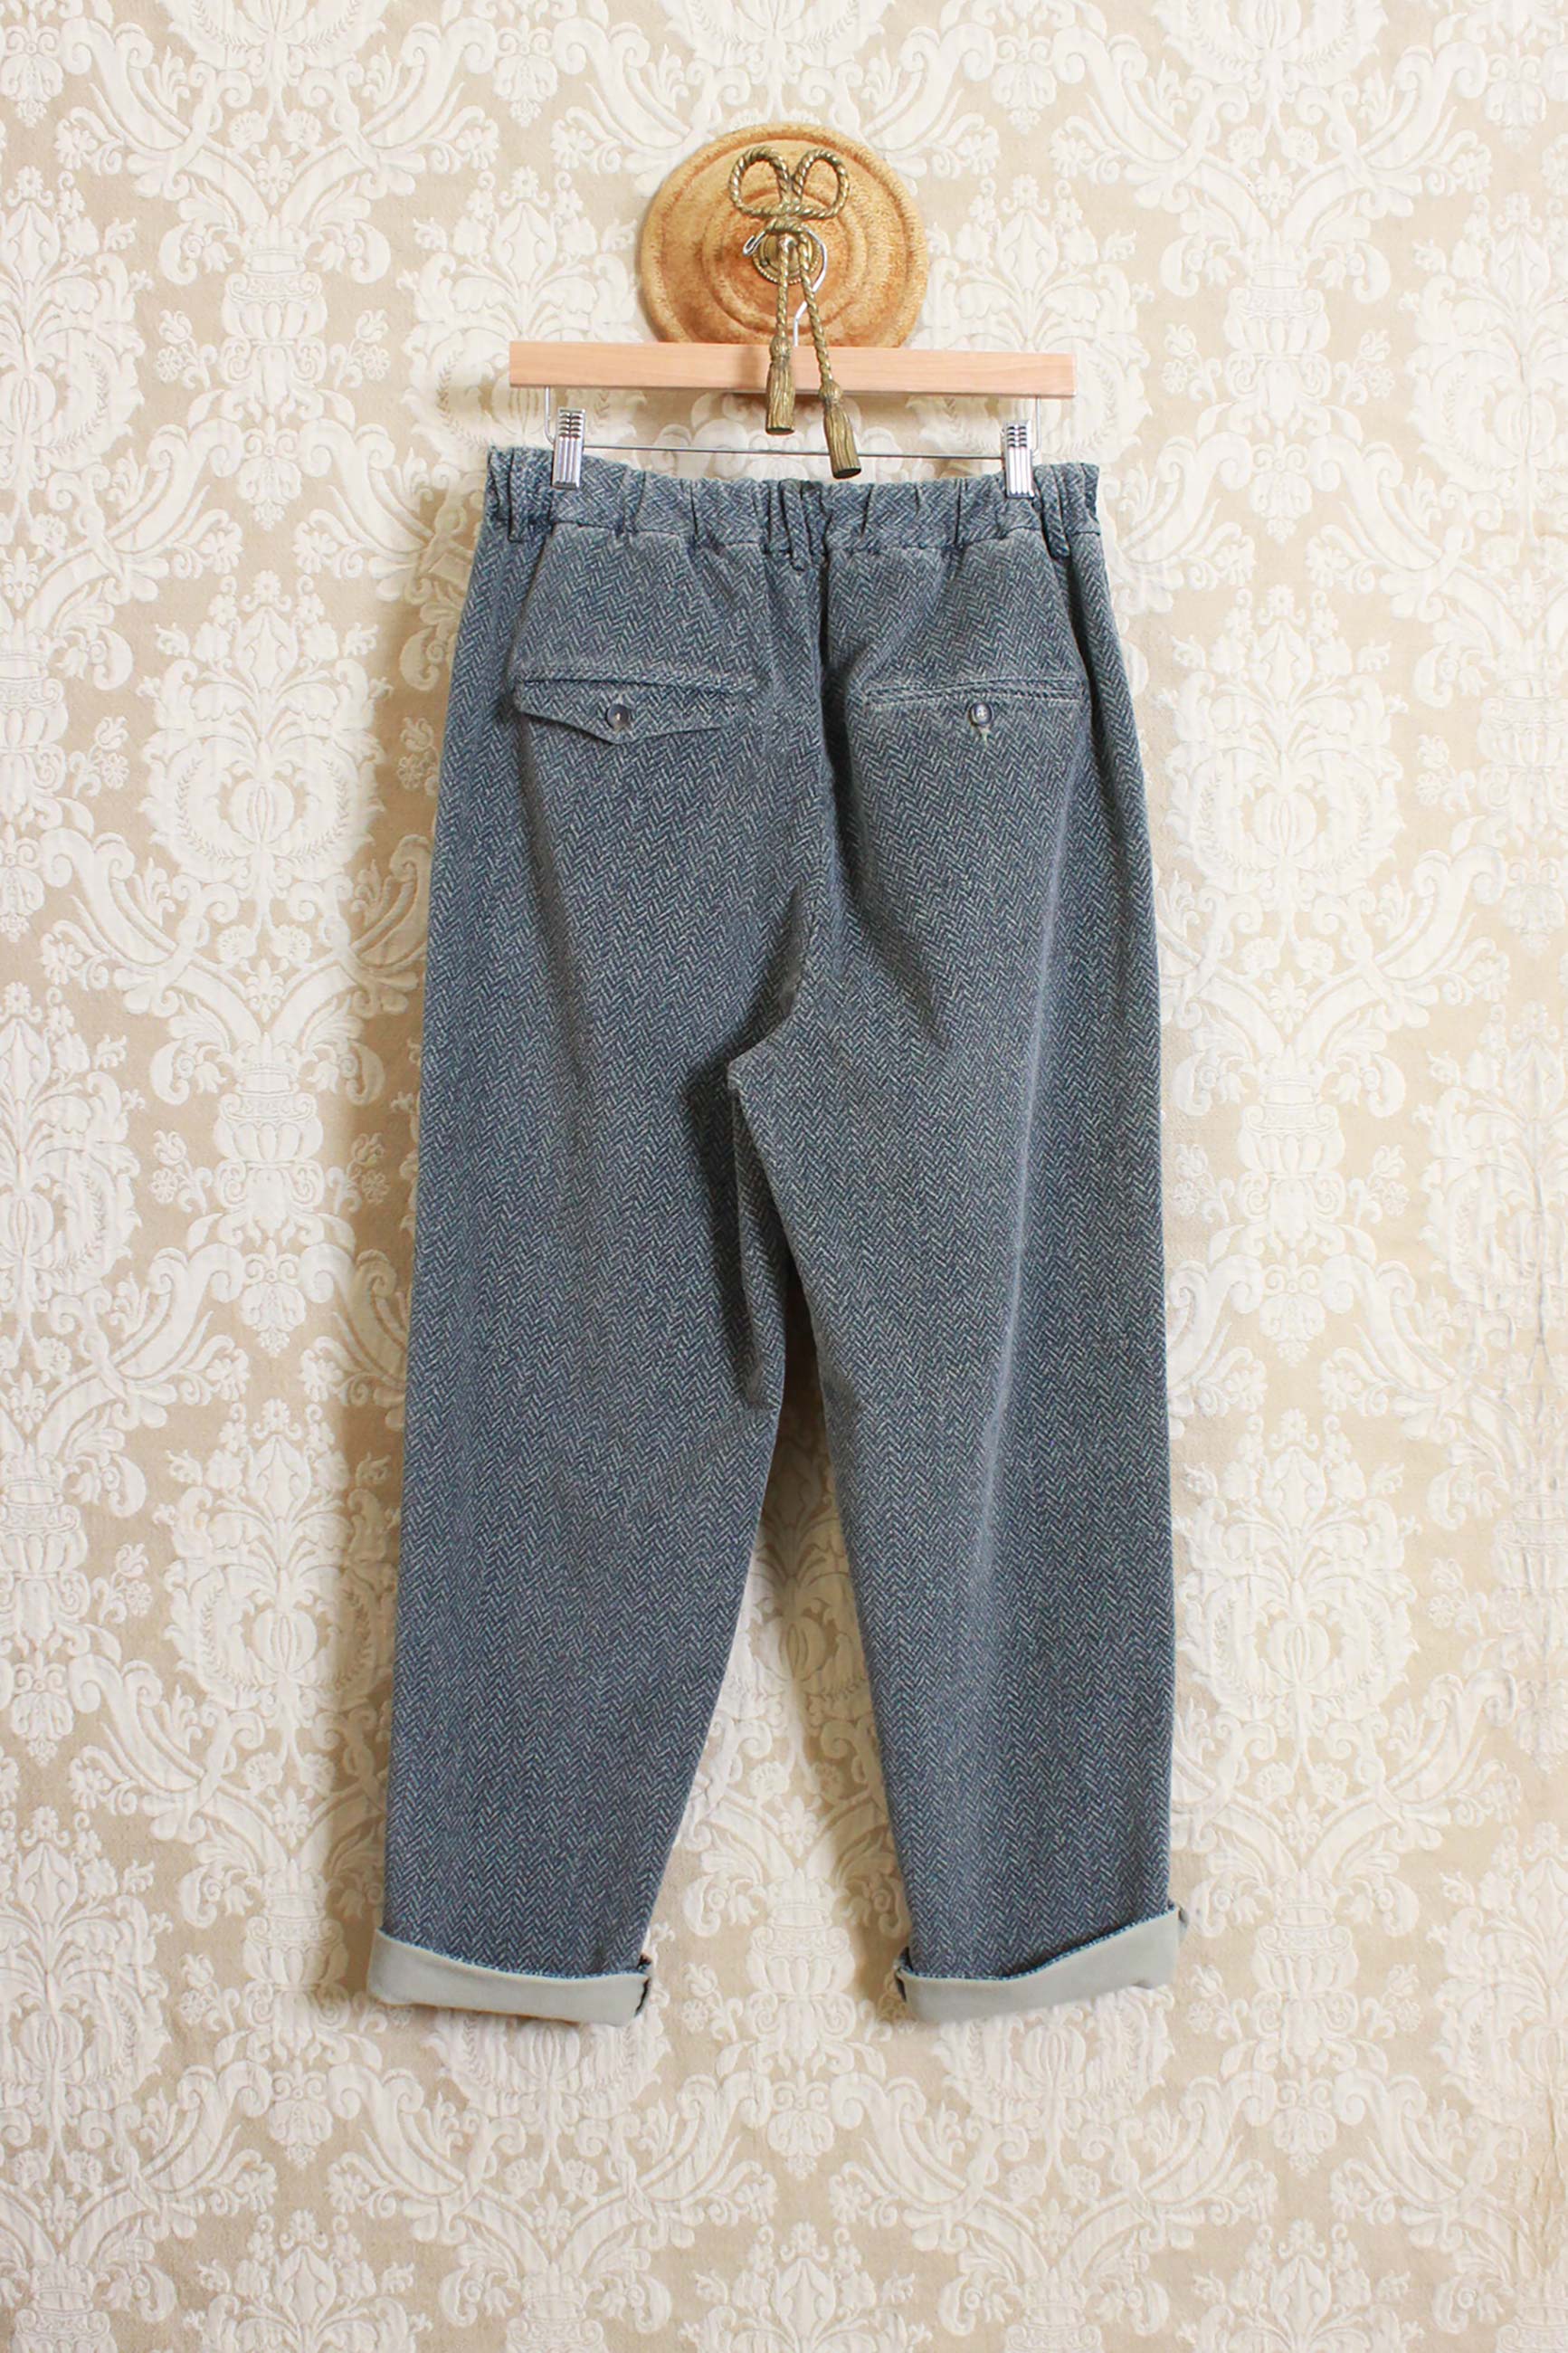 Pantalone Original Vintage Style in velluto herringbone color stone collezione uomo fw23
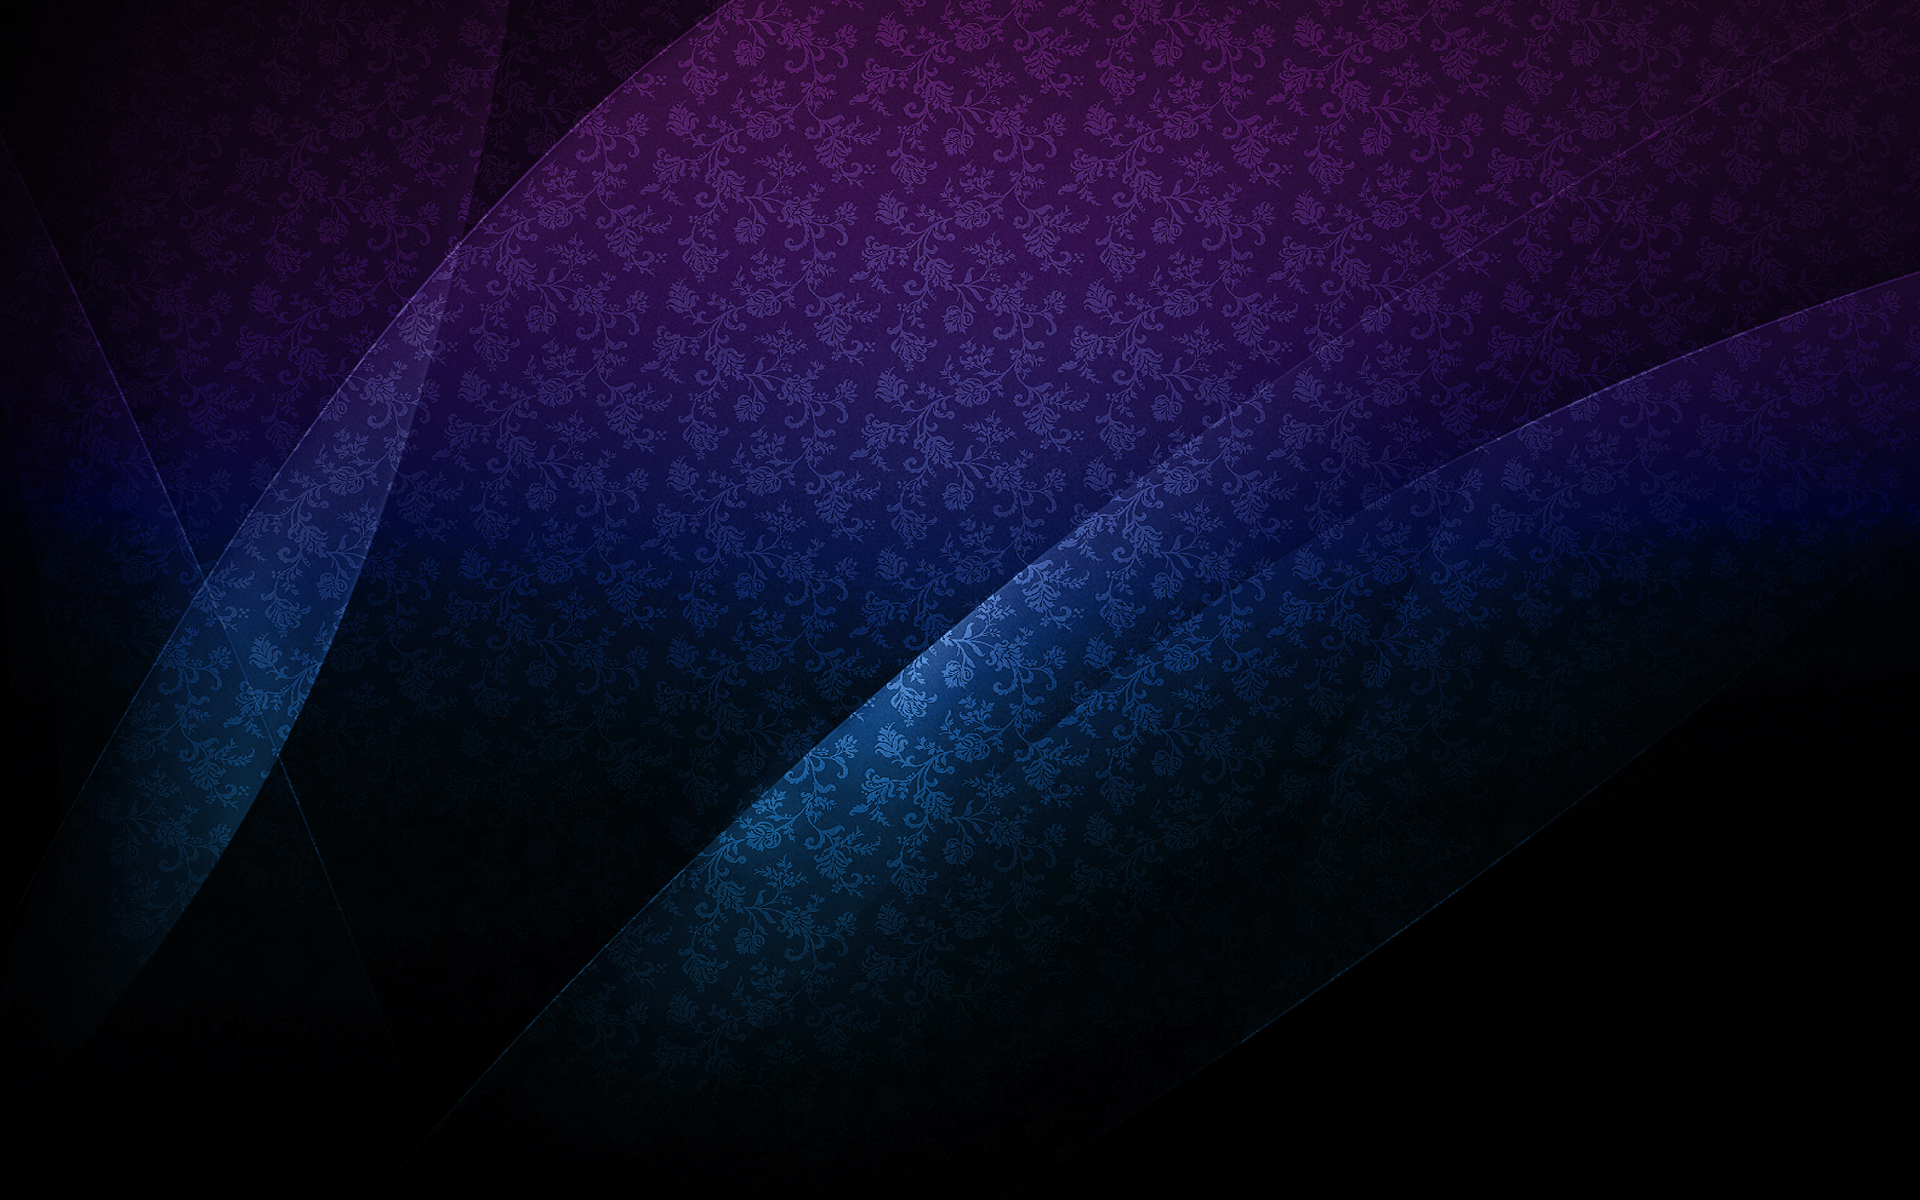 Hd Blue And Purple Wallpaper Pixelstalknet
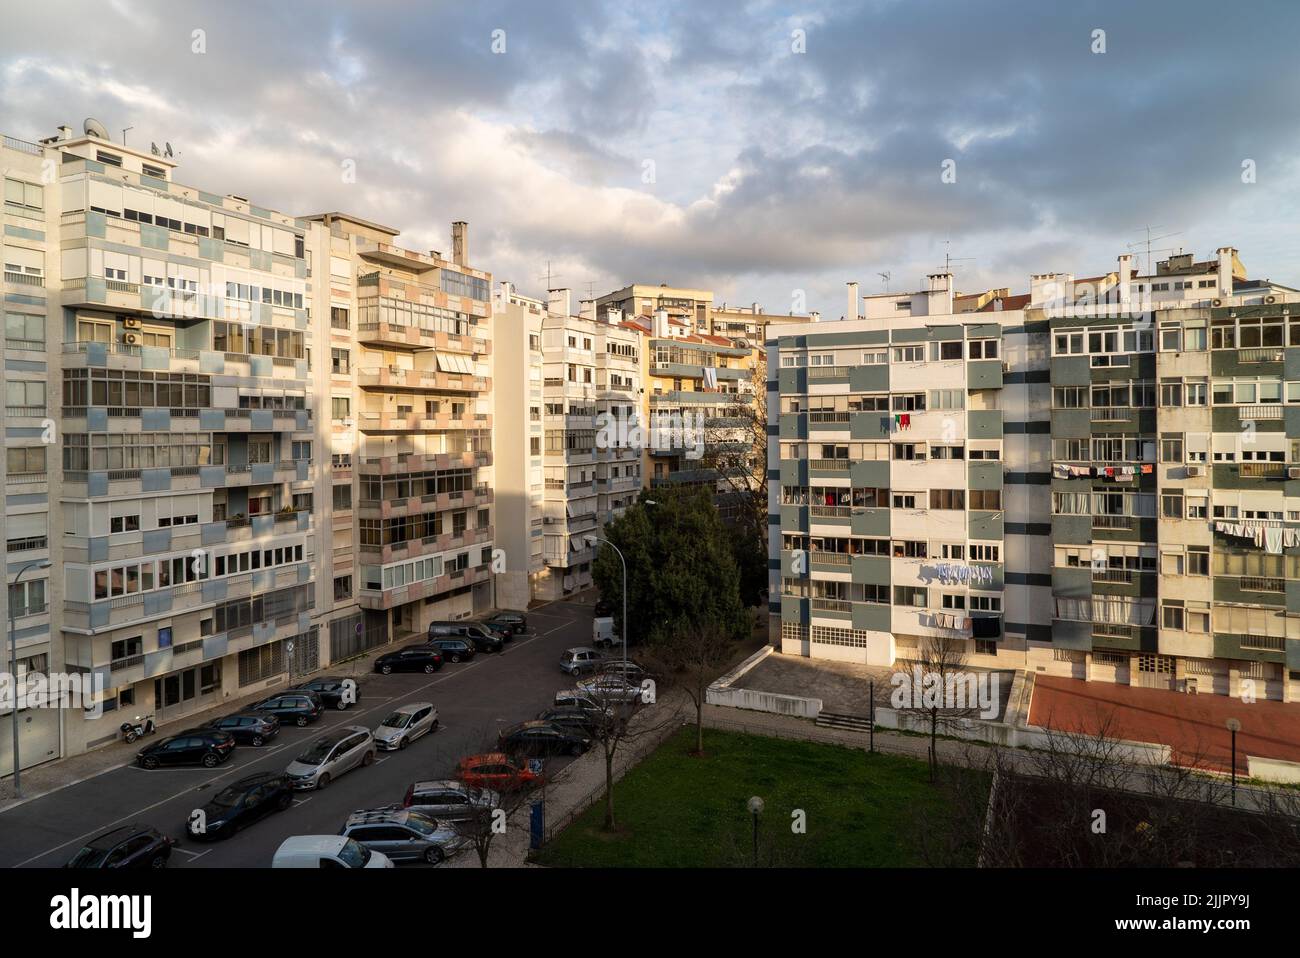 Eine lange Exposition von Wohngebäuden gegen einen blauen bewölkten Himmel an einem sonnigen Tag, Lissabon, Portugal Stockfoto
#####
> [The task]: Starting at the line that contains "Hd Blue And Purple Wallpaper Pixelstalknet", restate each line verbatim through the final line of the listing, skipping all pictures.

> [Answer box]:
 Hd Blue And Purple Wallpaper Pixelstalknet
 Eine lange Exposition von Wohngebäuden gegen einen blauen bewölkten Himmel an einem sonnigen Tag, Lissabon, Portugal Stockfoto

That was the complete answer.